I had TT & BA in January. The TT was denied by Tricare previously. By Jan, I had BCBS, but assumed it still would not be covered, so I just paid out of pocket. I paid $9600 total, of which $4500 was for the TT. Afterward, they billed BCBS $24,700 for "diastasis of muscle" which was covered, & my share would have only been $992. I've had many F/U appts & a revision at no cost, but still feel this was dishonest. I really like my PS & I'm happy w/ the results. Am I right to ask for a refund?

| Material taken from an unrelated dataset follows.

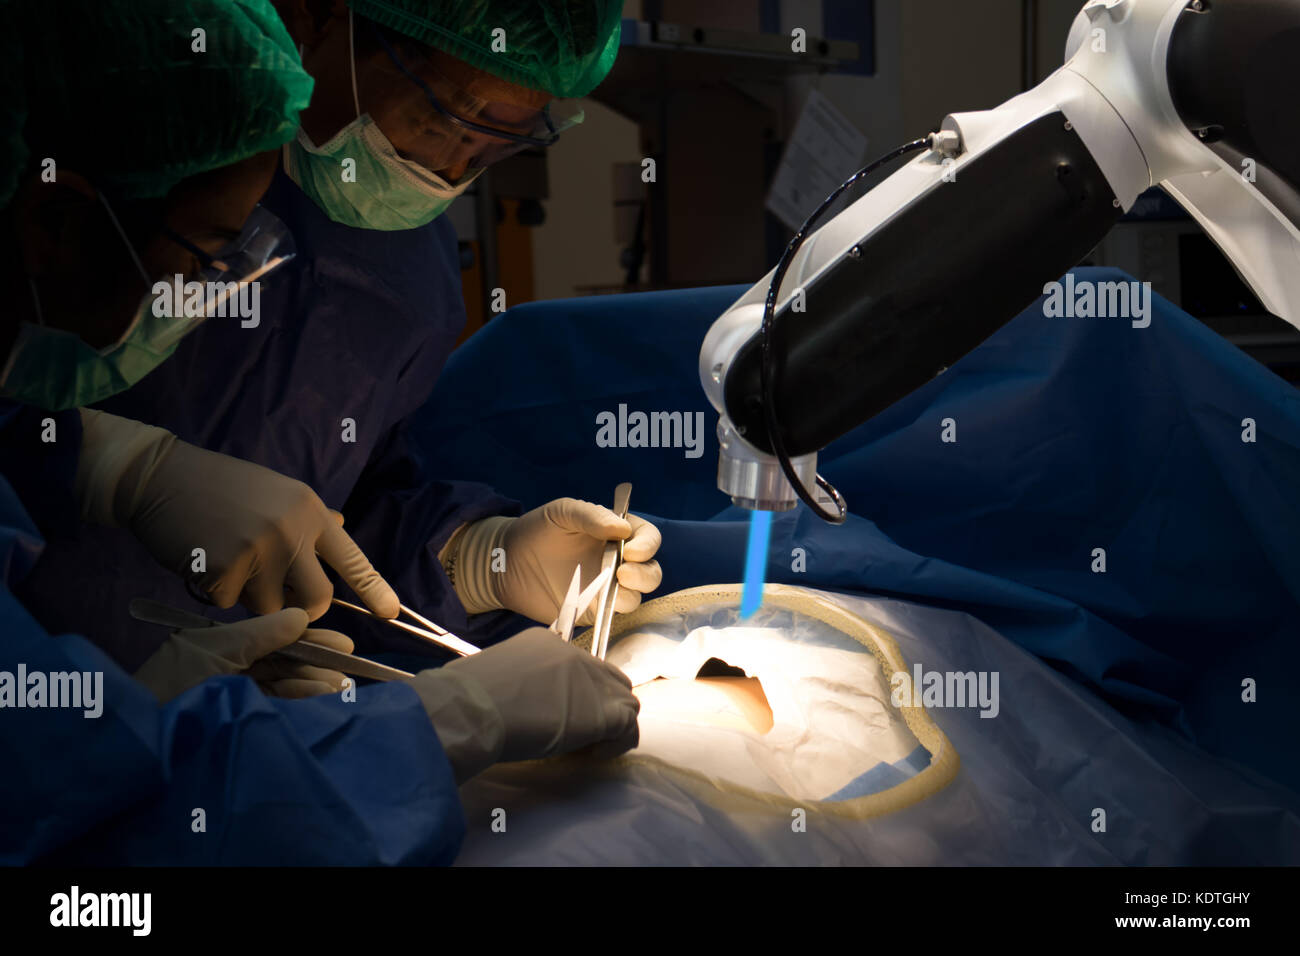 Erweiterte Roboterchirurgie Maschine am Krankenhaus, Arzt Vorteile der Roboterchirurgie sind Präzision und Miniaturisierung, kleinere Schnitte, weniger blo Stockfoto

My Surgeon Billed my Insurance and Collected Even After I Had Already Paid in Full out of Pocket. Is This Right?
Doctor Answers 4
Insurance Billing for a Cosmetic Procedure
This is not as uncommon as you may suspect. If you do the surgery as a cosmetic patient and pay up front without the understanding made in advance that the physician and facility may bill for certain aspects of the procedure deemed "cover services" by your insurance company then it would certainly seem to be unethical. The fact that a physician will bill such a high fee and get paid so little is typical for insurance company reimbursements, and is one of the reasons most plastic surgeons don't accept insurance for these procedures since the payment is minimal and not reflective of the extent of the surgery performed. It may be that the initial pricing for your procedure was reduced with the expectation by the physician that in billing the insurance company they would recoup a modest amount thereby not charging you as much: in which case you wouldn't be due a refund for the covered part of the procedure had you agreed to this at the onset. You need to let your conscious dictate what to do but asking your insurance company will not give you any answers but only misinformation. In the end I think you just need to be aware that this possibility exists when you have plastic surgery and you should ask more questions. You may have received a financial benefit without you knowing because you probably have a deductible on your plan that the physician's office may have informed the insurance company that you met it, when you paid for the surgery, in order for them to receive what they did from BC. That means the next time you need medical or surgical services this year most if not all of your deductibles may have been met so you won't have as much out of pocket expense.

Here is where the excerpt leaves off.